# Sharing Processes with a Team

## Connection and Cursor

We will use a connection object to define our connection to our database over a network.

We will use a cursor object to write to the database. The cursor is created by a class function of the connection object.

In [1]:
import psycopg2 as pg2
from psycopg2.extras import RealDictCursor

connection = pg2.connect(host='this_postgis',
                         user='postgres',
                         database='postgres')
cursor = connection.cursor(cursor_factory=RealDictCursor)

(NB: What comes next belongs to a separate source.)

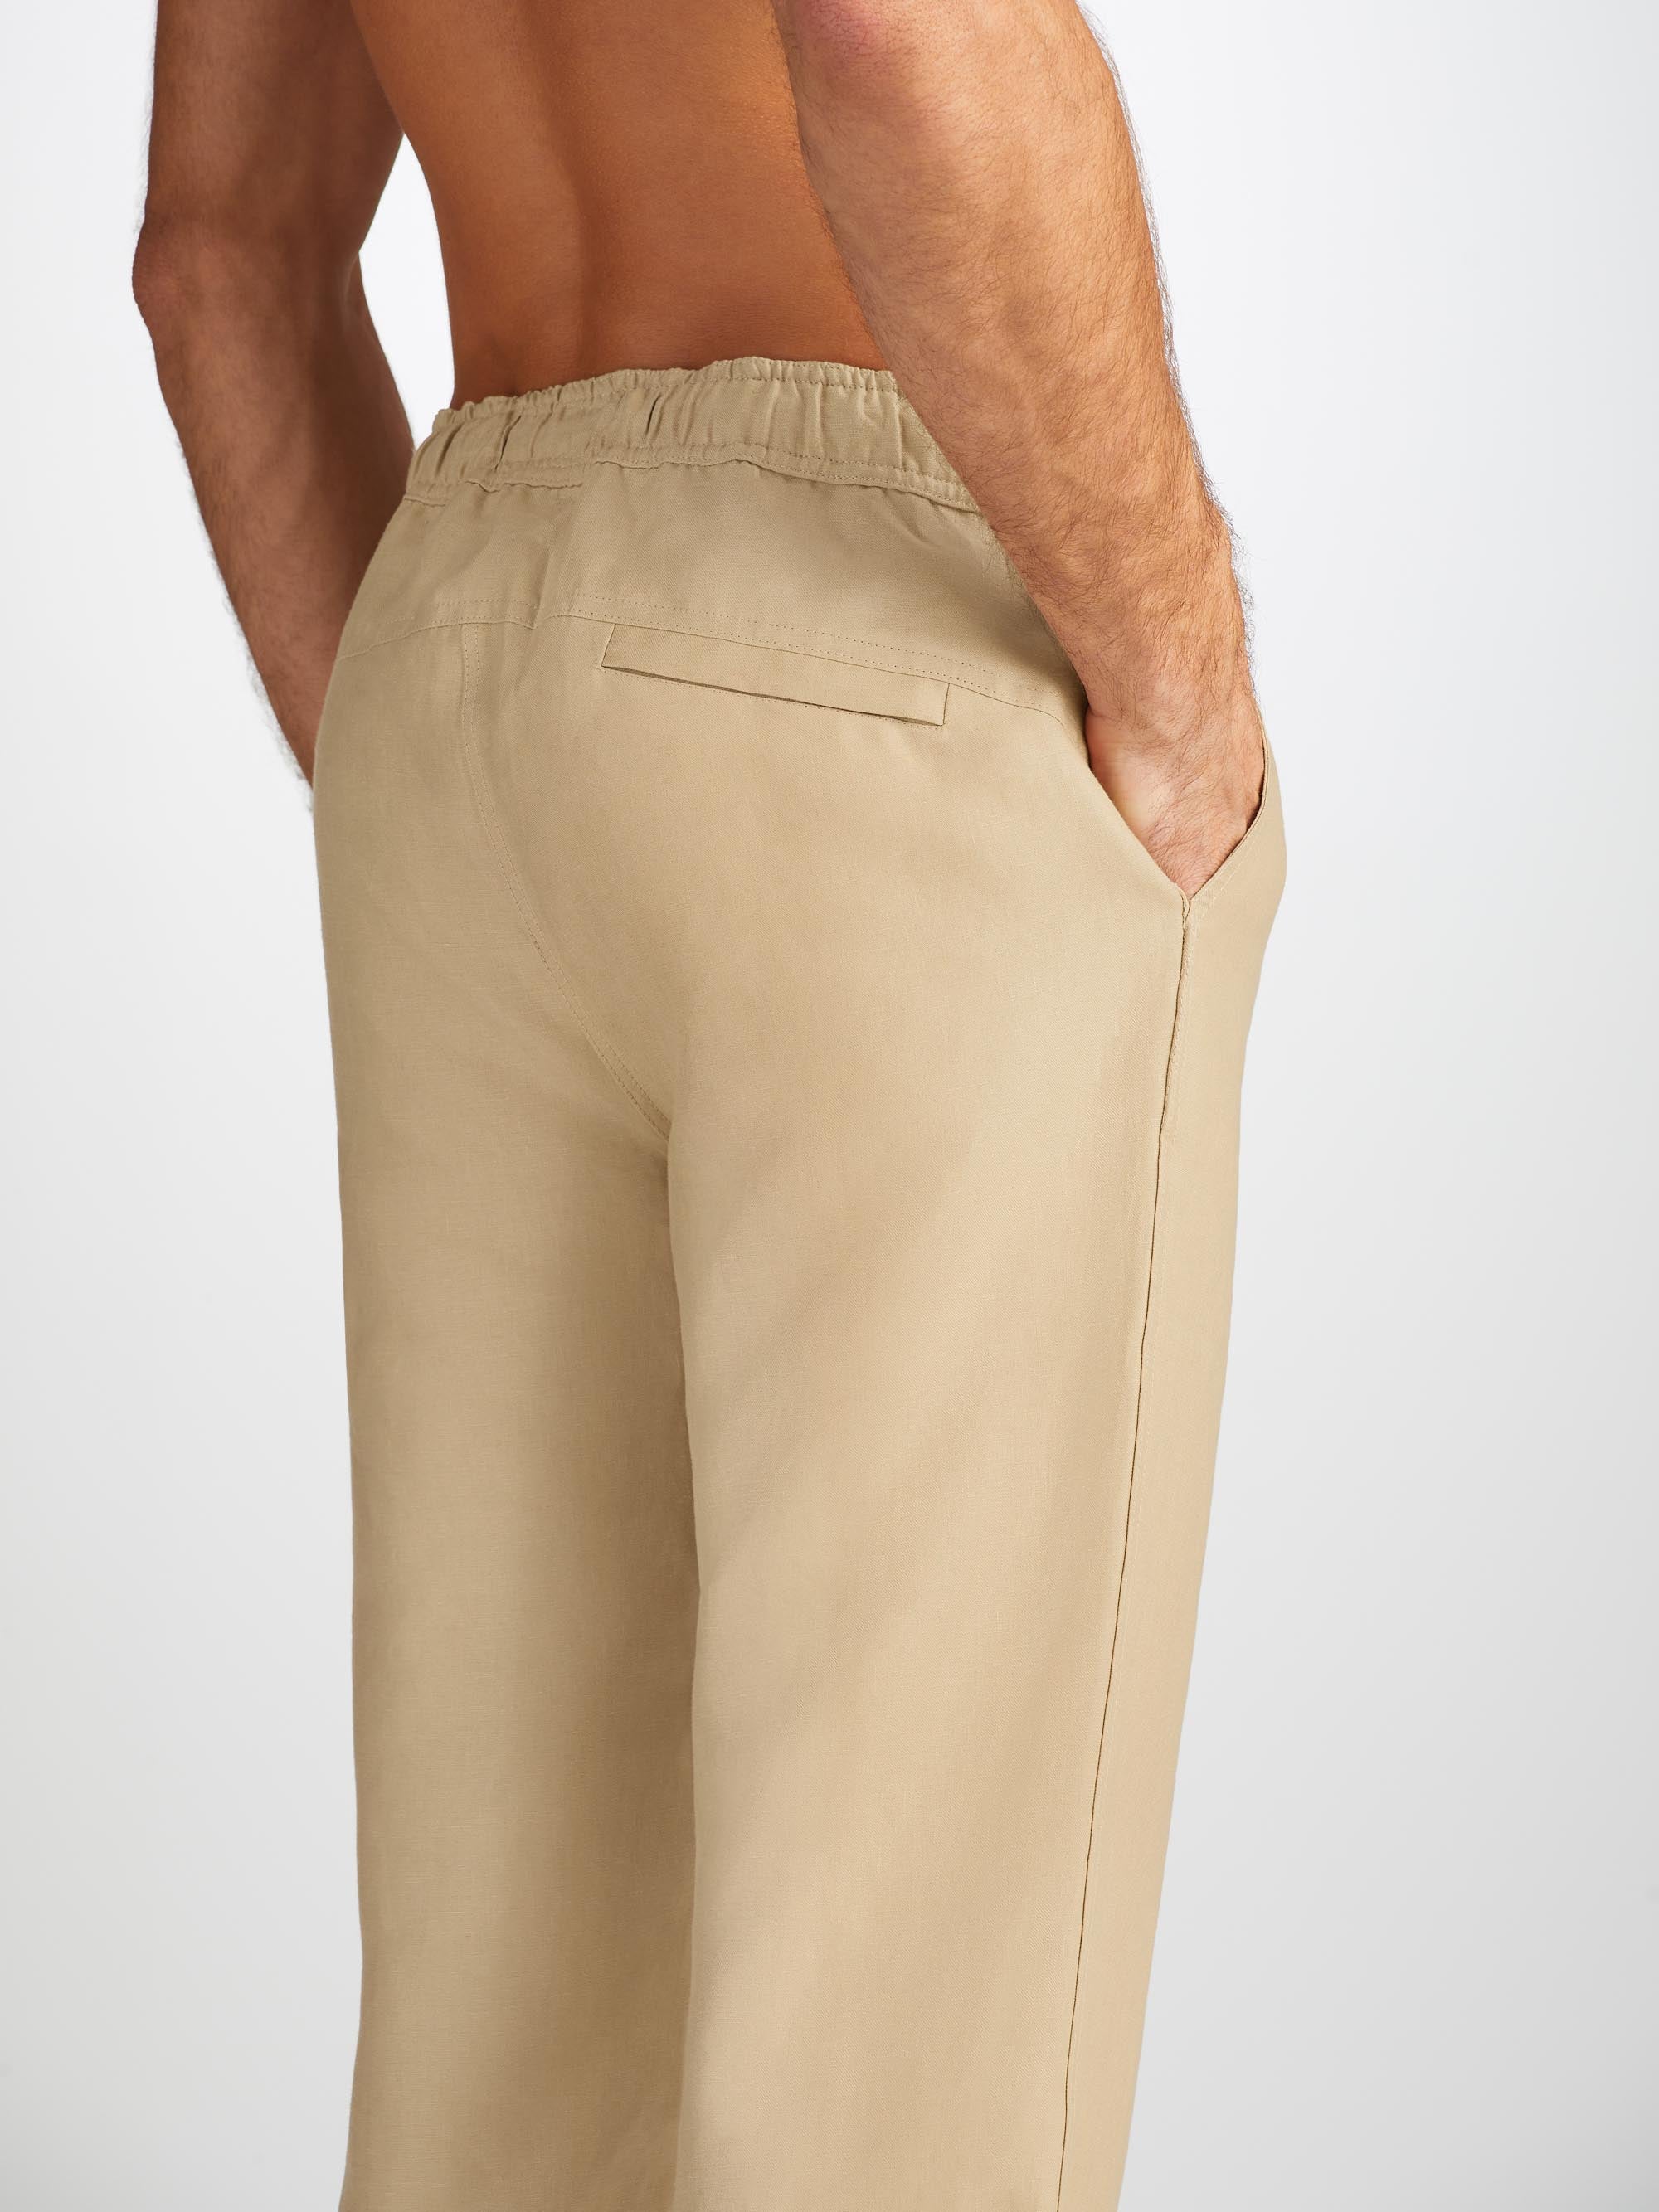 Men's Trousers Sydney Linen Sand

The cursor can be used to execute queries and then to fetch the results of the query.

In [2]:
result = cursor.execute("SELECT * FROM business LIMIT 2;")

In [3]:
cursor.fetchall()

[{'id': 64660,
  'name': 'HAIGHT STREET MARKET',
  'address': '1530 HAIGHT ST ',
  'city': 'San Francisco',
  'state': 'CA',
  'postal_code': 94117,
  'latitude': 37.769957,
  'longitude': -122.447533,
  'phone_number': '+14152550643',
  'gpnt_location': '0101000020E6100000C32973F38DE242405FB87361A49C5EC0'},
 {'id': 5632,
  'name': 'AT&T - DOGGIE DINNER - RM 5333/V [145162]',
  'address': '24 WILLIE MAYS PLAZA 5.26.01  ',
  'city': 'San Francisco',
  'state': 'CA',
  'postal_code': 94107,
  'latitude': 37.778382,
  'longitude': -122.391151,
  'phone_number': '+14159721500',
  'gpnt_location': '0101000020E6100000C5E57805A2E342400D33349E08995EC0'}]

In [4]:
connection.close()

Because we used the `cursor_factory=RealDictCursor` argument, the results return a list of dictionary objects from the database. 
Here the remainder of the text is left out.